Another cause of angst for the less-patient of us are those who dawdle along busy inner-city footpaths at peak times (before work, lunch time and after work). Most of us are rushing to catch a bus, get to work or grab some food and get back to the office, so there is nothing more frustrating than those who walk 3, 4, 5, 10 abreast at a snail’s pace and essentially blocking the entire footpath. The rest of us – in a hurry - find ourselves ducking one way, then another, as we try to work our how to overtake the offenders without actually ramming into the outermost dawdler, or barging through the middle.

Of course, as school holidays are almost upon us, I am trying to prepare myself for the most annoying of footpath-hoggers. Visiting tourists and leisurely shoppers, out for a day in the big city. Pottering along the footpaths, occasionally stopping dead in their tracks to work out where they actually are, causing unsuspecting workers to ram into mum, dad and the kids, clad in their big-city-clothes. I do realise (of course) that this makes me sound terribly patronizing – but time for some of us is at a premium. I rarely leave my office during the day anyway, but as a rule I never venture out during school holidays.

Finally (for the moment anyway!) my final annoyance is one which will soon be a thing of the past. I have written before about the tedious bus journey to and from my workplace in the city each day. This in itself is a source of angst. I live only 4kms from the city but peak hour traffic means my journey (via express bus) each way is anything from 40 – 60 minutes. Most travelers are regulars. Soberly (and somberly) going through the daily ritual and as impatient as I am for the journey to end. But… then there are the others. Amateurs, bus-catching ingénues or perhaps just selfish, ignorant SOBs. They amble on board then pull out their wallets.
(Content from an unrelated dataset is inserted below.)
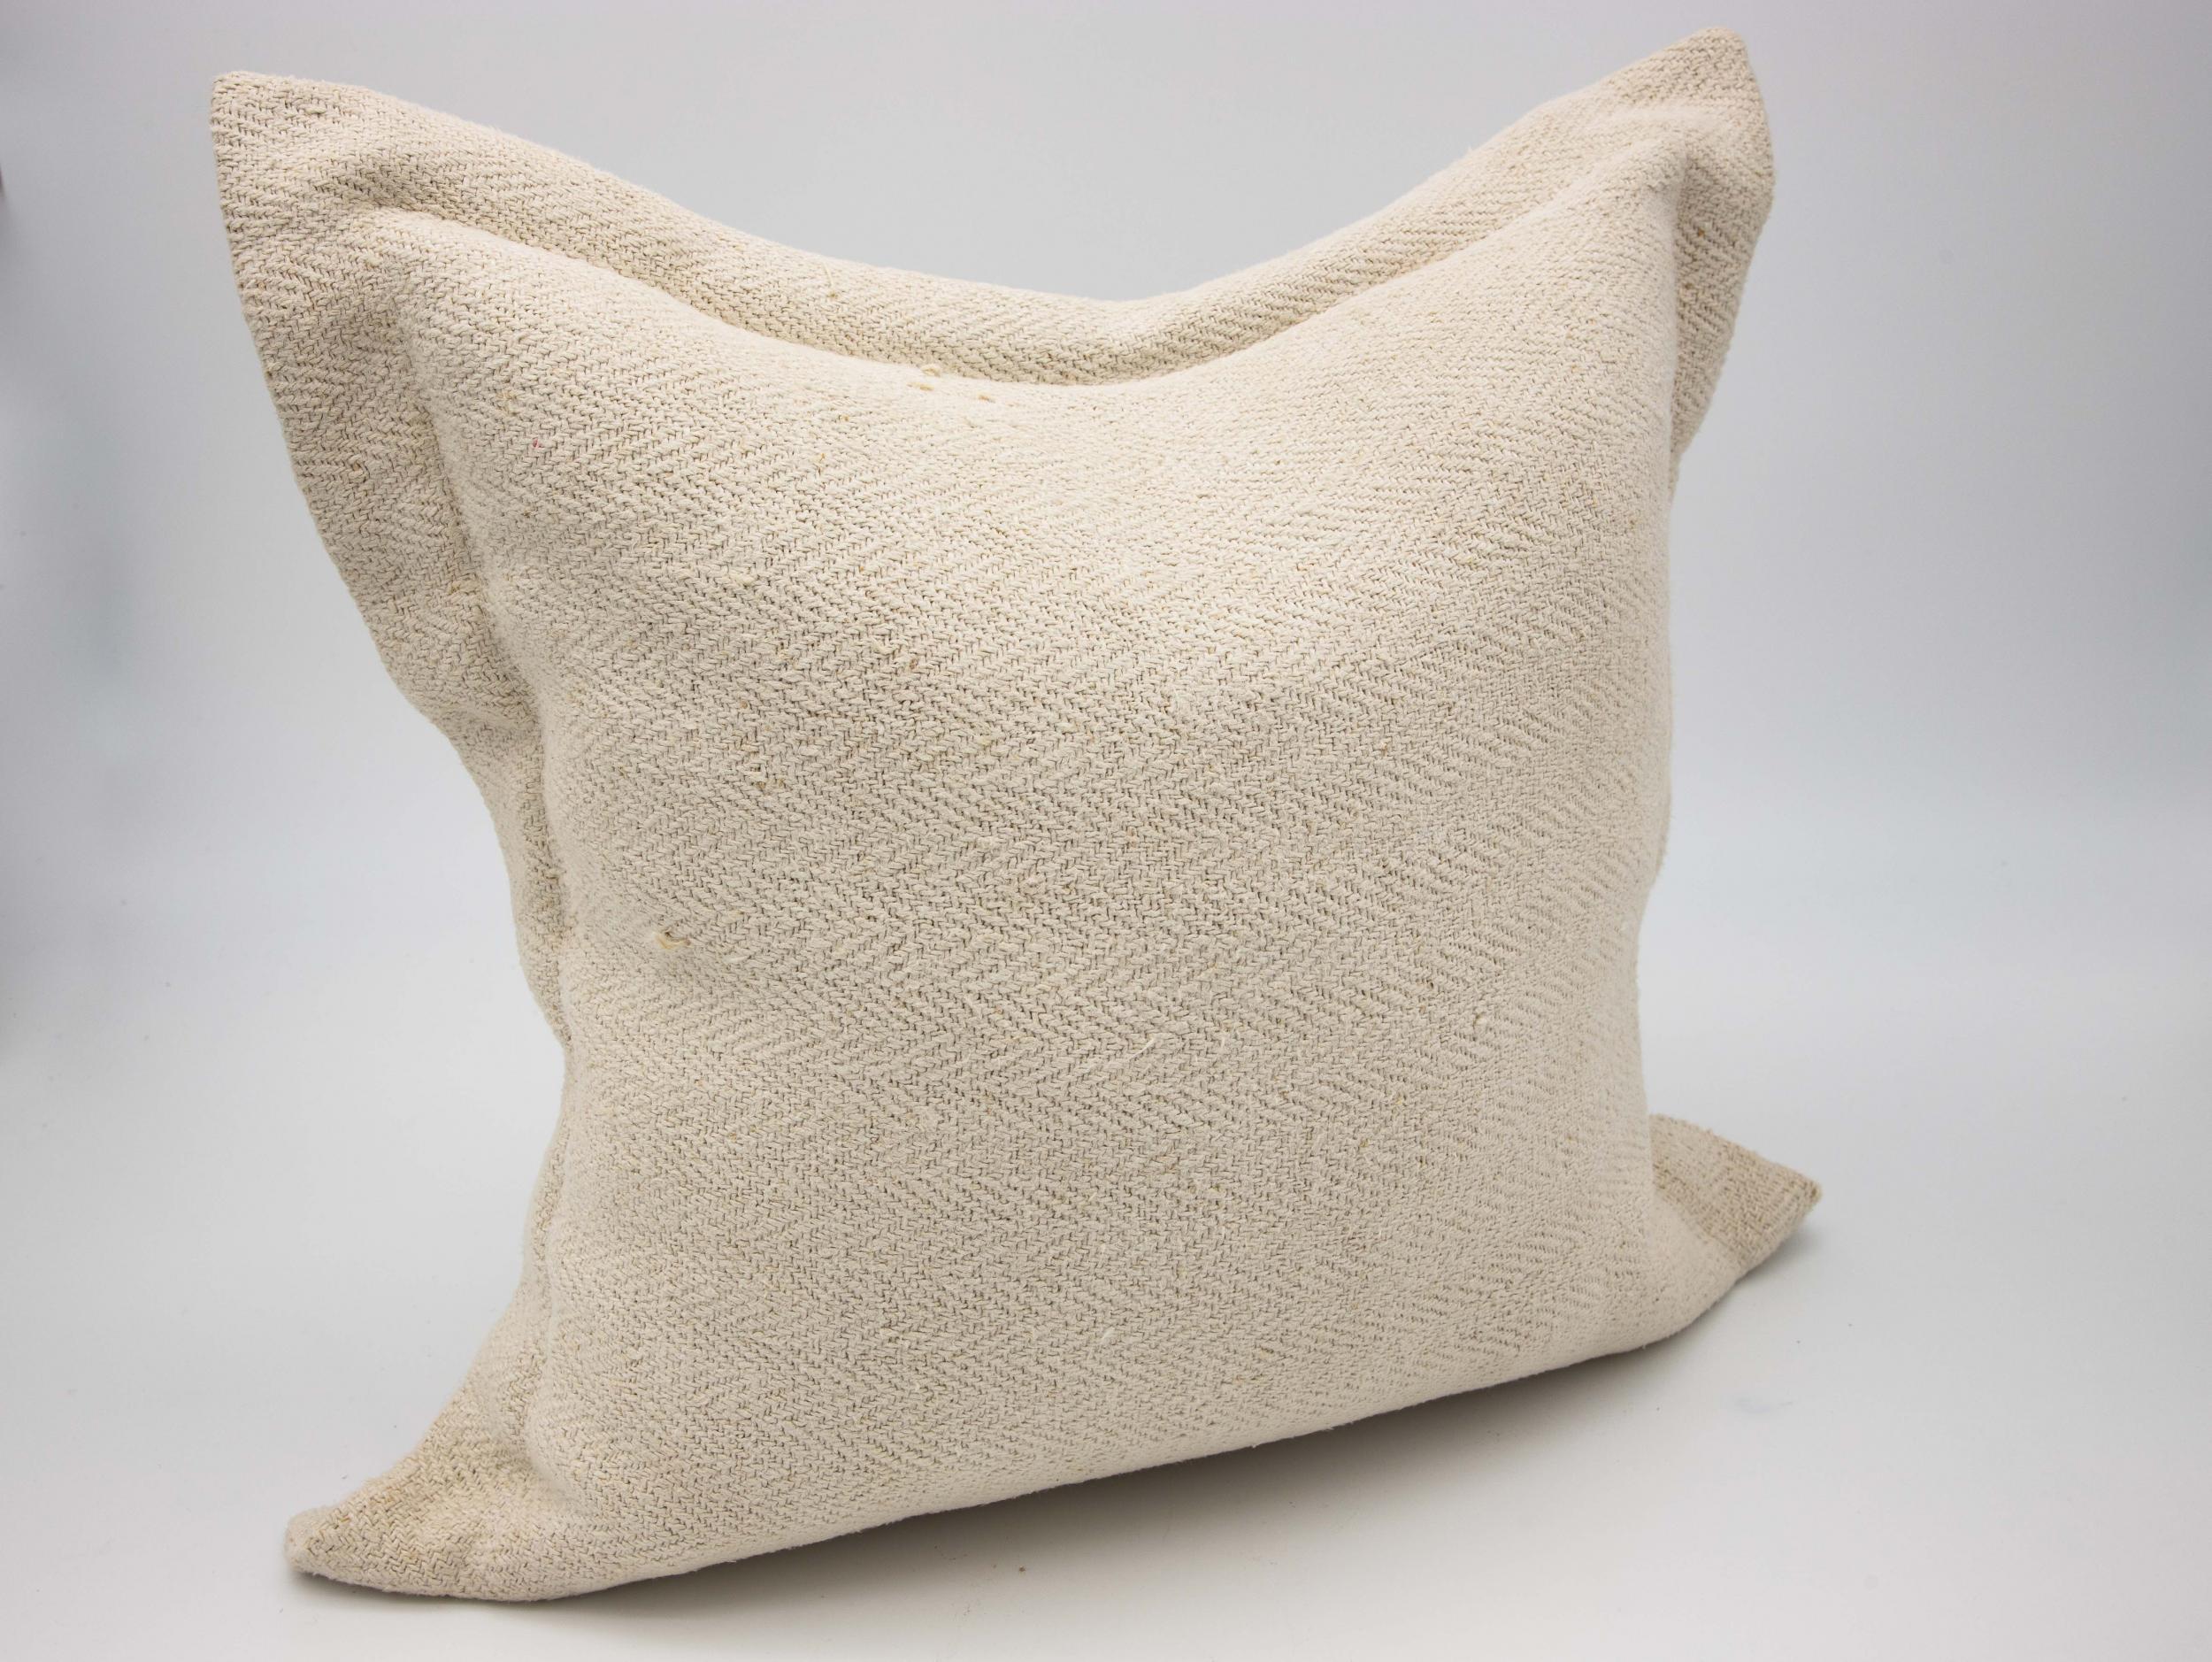 A pair of 20 x 20 pillows made from antique Belgian linen. A large flange finish with down fill. Button closure on the reverse.

They then discover they only have a $50 note to pay the $2.90 fare. Causing the driver to dig around for sufficient change or count it out in $1 coins! Fortunately these serial pests have annoyed enough people that most express buses are becoming prepaid-only buses. Interestingly, the public outcry didn’t last long. I am obviously not the only one frustrated by the delays caused by the disorganized or the selfish.
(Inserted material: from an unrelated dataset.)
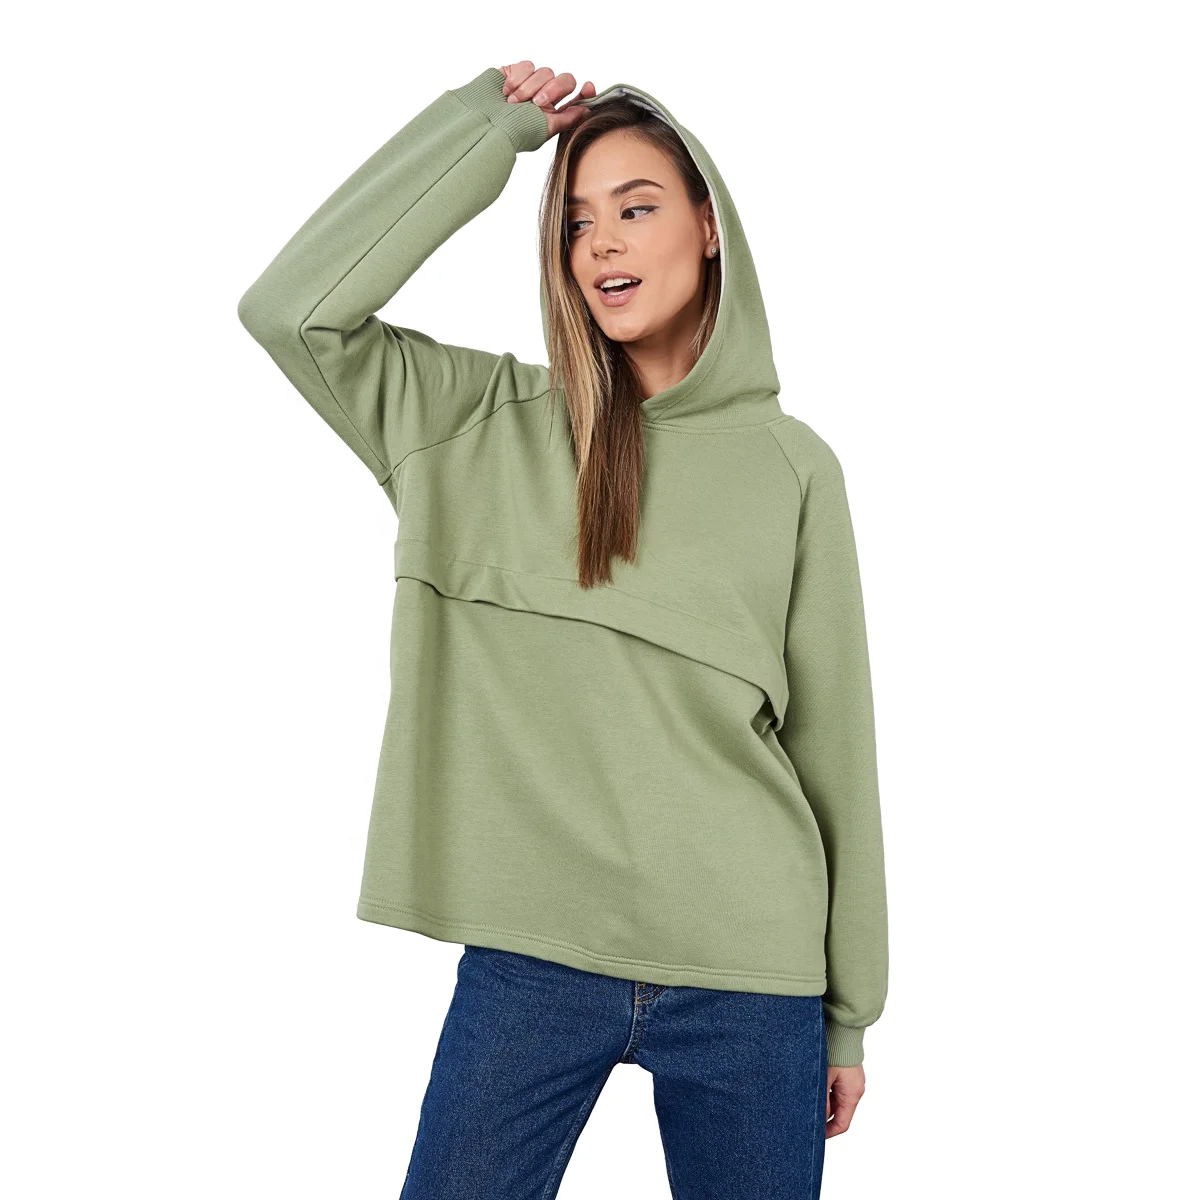 Oversize Pocketless Hoodie for Pregnant Women Maternity Clothes for All Seasons

I have a friend who is a dawdler. She is sometimes stunned at my impatience and surprised that I worry about things that might only amount to a few minutes’ delay. And it is true. A minute or two is not (often) life or death. While I know I am overly anxious about time – always have been and always will be – this is not solely the source of my frustration. Much of my anger arises from people’s lack of regard for others. We do not exist in isolation. Instead we subsist in a bustling world of people bouncing off one another. Where we are all busy, frantic with too much to do in too little a time. We shouldn’t be making it harder for each other. We should be trying to help each other out. Making it a bit easier for the drone next to us to make it through the day.